Event Date and Time: 
Mon, 2016-07-25 09:00 - 11:00
Room 200, Graduate Student Centre
Local Contact: 
Physics and Astronomy, UBC
Intended Audience: 

General Relativity (GR) has long been acclaimed for its elegance and
simplicity, and has successfully passed many stringent observational tests since it
was introduced a century ago. However, there are two regimes in which the theory
has yet to be fully challenged. One of them is in the neighbourhood of very strong
gravitational fields, and the other is the behaviour of gravity on cosmological scales.
While strong field gravity has challenged theorists because of the desire to find
consistency between GR and quantum mechanics, cosmology has motivated
extensions to GR via the empirical discoveries of dark matter and dark energy.

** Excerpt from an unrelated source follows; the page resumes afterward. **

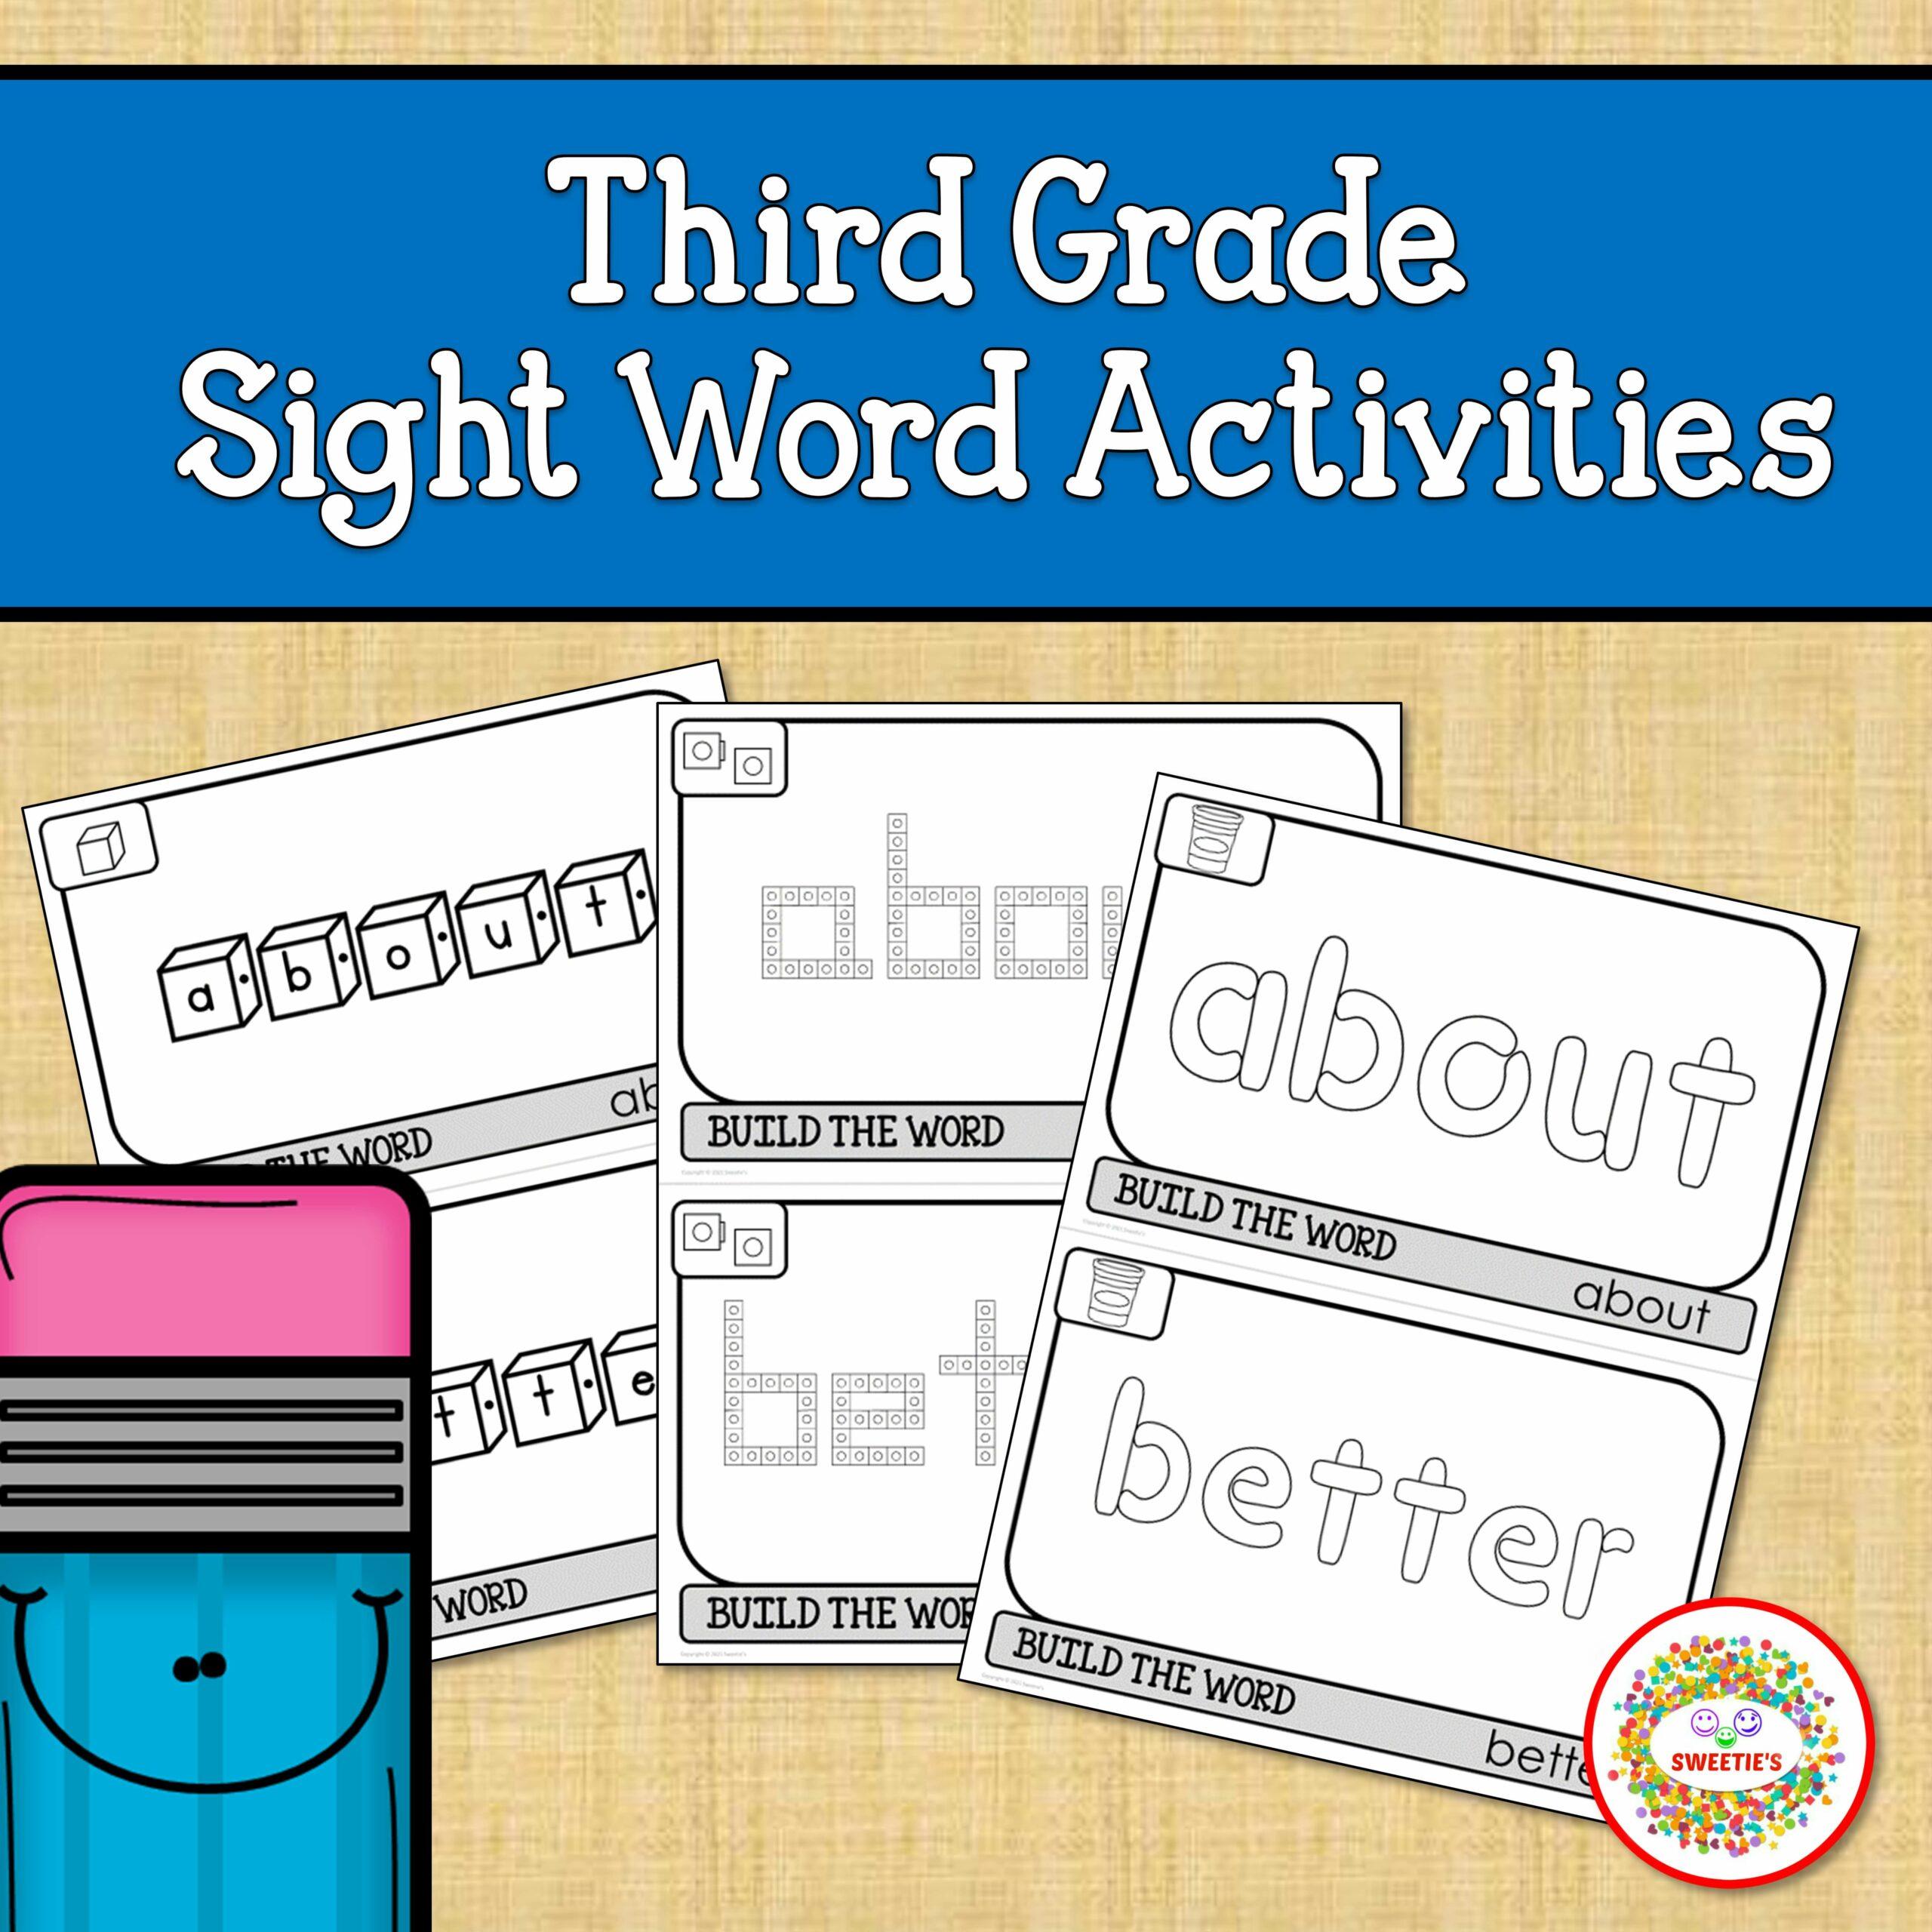 Third Grade Sight Words Activities

In this thesis, we study a diverse range of modifications to GR and confront
them with observational data. We discuss how a generic theory of modified gravity
can be parameterized for studies within cosmology, and we introduce a general
parameterization that is simpler than those that have been previously considered.
This parameterization is then applied to investigate a specific theory, known as
``gravitational aether''. The gravitational aether theory was created to solve one of the
theoretical inconsistencies that exists between GR and quantum mechanics, namely
the fact that vacuum fluctuations appear not to gravitate. Cosmology is unique in
testing this theory, and we find that the gravitational aether solution is excluded when
all of the available cosmological data are combined. Nevertheless, a generalization of
this theory provides a consistent way to describe the strength of coupling between
pressure and gravity, and we present the most accurate measurements of this
coupling parameter.

In addition, we discuss the constraints that can be placed on modified gravity
models using the latest data from cosmic microwave background (CMB) anisotropies,
combined with several other probes of large-scale structure. Currently the most
accurate CMB anisotropy measurements come from the Planck 2015 CMB power
spectra, which we use, along with other cosmological data sets, to perform an
extensive study of modified theories of gravity. We find that GR remains the simplest
model that can explain all of the data. We end with a discussion of the prospects for
future experiments that can improve our understanding of gravity.